Anil Kanti "Neil" Basu  (born 1968) is a senior British police officer. Basu is currently a Non-Executive Director of the College of Policing, leading the strategic command course which prepares police officers and staff for promotion to the most senior ranks in the service.  Basu is also part of the National Police Chiefs' Council's scrutiny board for police action plan on inclusion and race. 

From March 2018 to September 2021, he served as Assistant Commissioner for Specialist Operations in the Metropolitan Police Service, and the National Police Chiefs' Council lead for Counter Terrorism Policing.
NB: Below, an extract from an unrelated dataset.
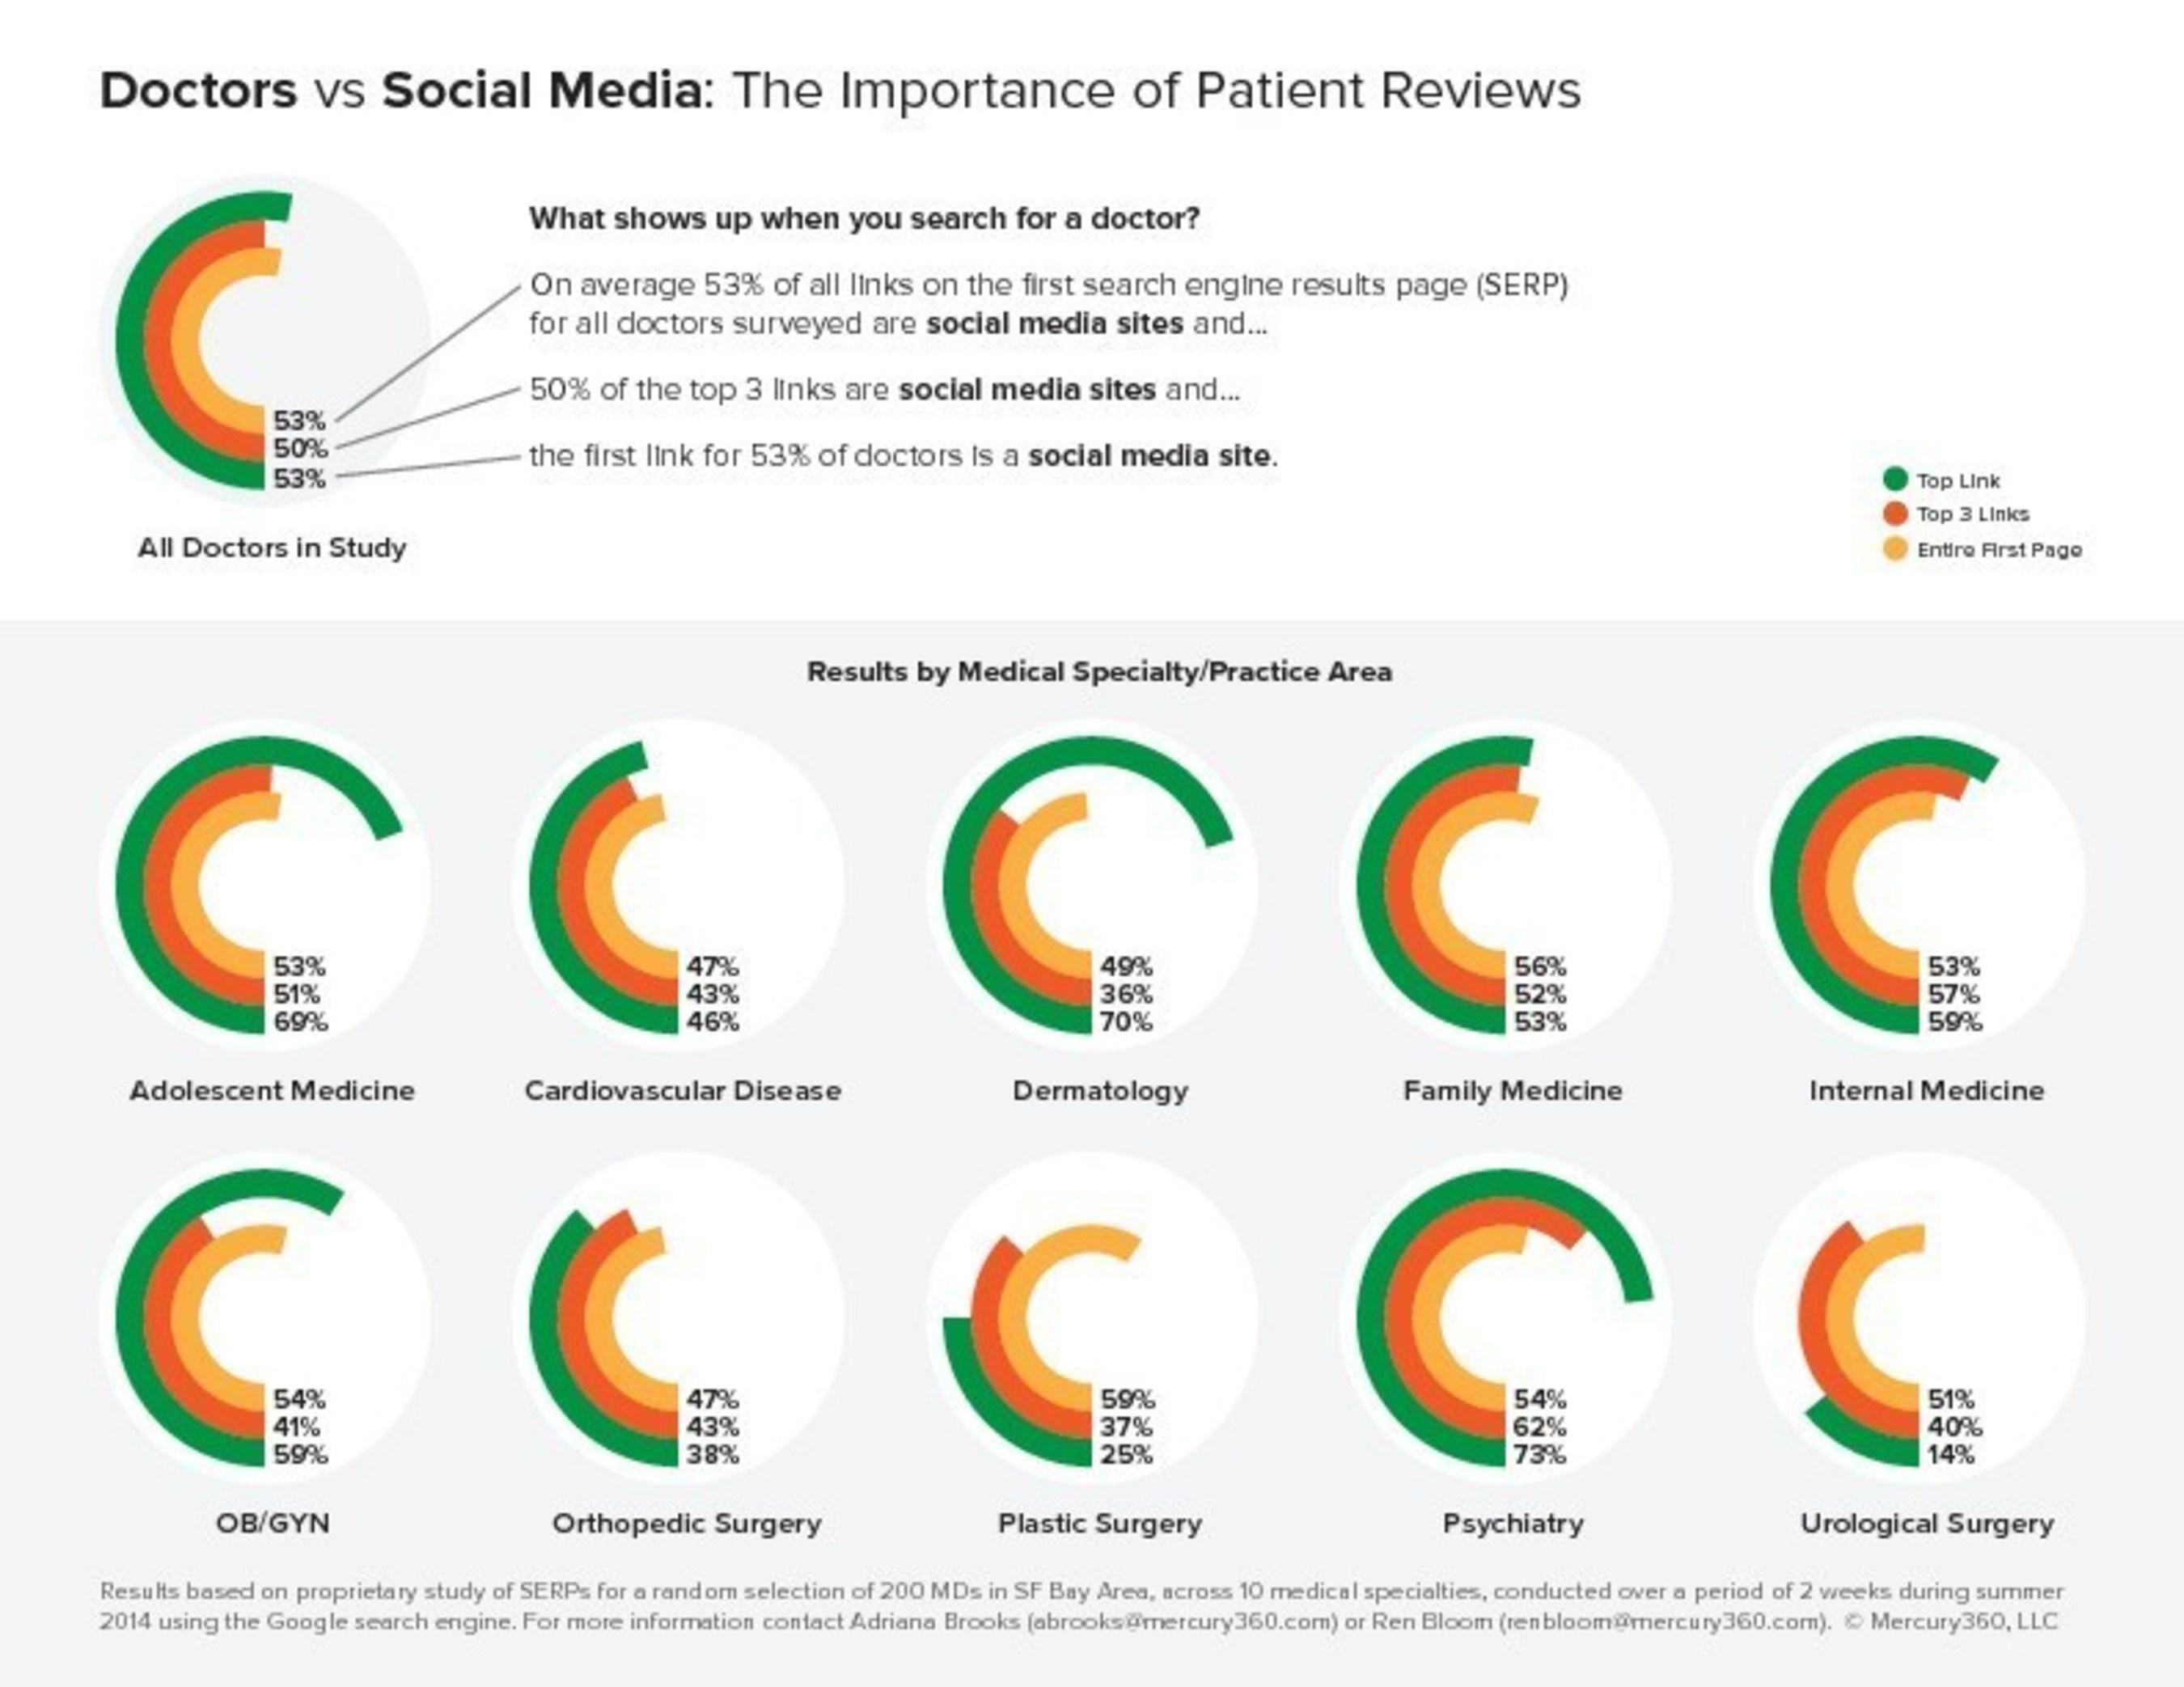 Doctors vs Social Media: The Importance of Patient Reviews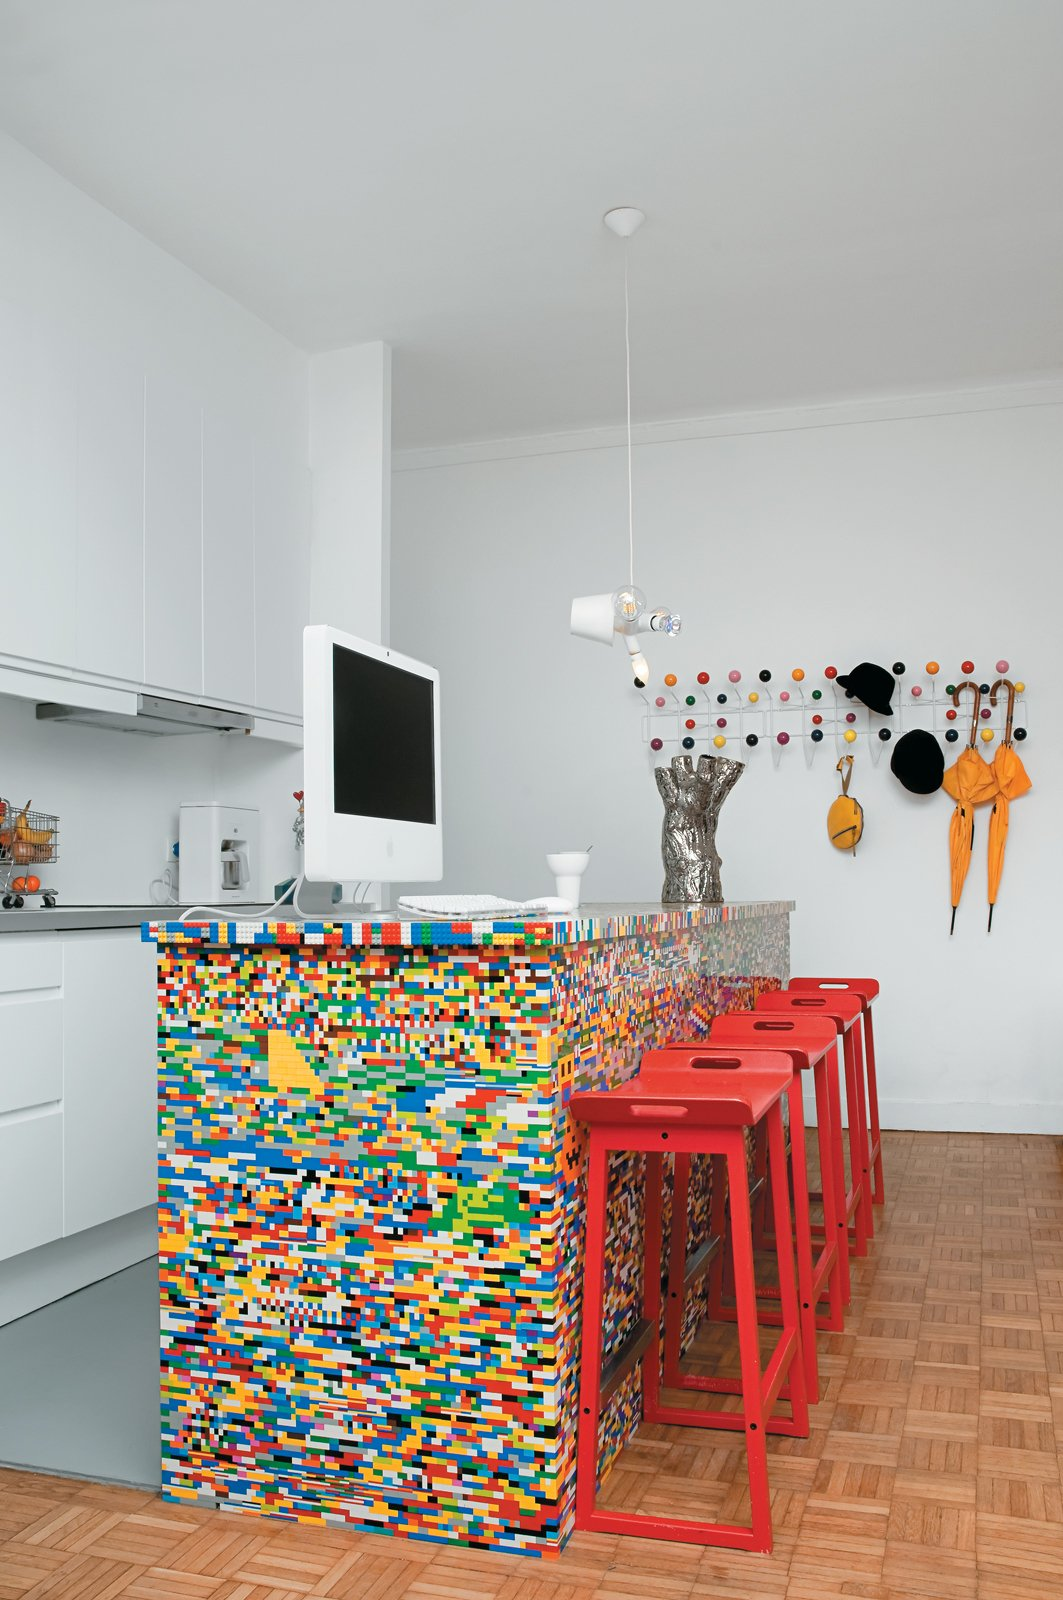 #interior #design #interiordesign #modern #kitchen #legos #color #colorful #redchairs #countertop #counter #stool #desk #coathanger #paris #philipperossetti #simonpillard #munchausen #kitchenisland   36+ Interior Color Pop Ideas For Modern Homes

Basu left the Metropolitan Police at the end of November 2022.

Career
Basu became a police officer in 1992, and has spent his whole career serving with the Metropolitan Police Service. He is currently the most senior serving British police officer of Asian heritage: his father was from Kolkata, India and his mother was from Wales.

In 2018, Basu received the Asian Achievers Award for Achievement in Uniformed and Civil Services.

During the George Floyd protests, Basu spoke out about racism in policing, stating he was "horrified" by George Floyd's murder.

Basu has stated he believes British policing is institutionally racist, criticising other senior British police officers for their reluctance to agree.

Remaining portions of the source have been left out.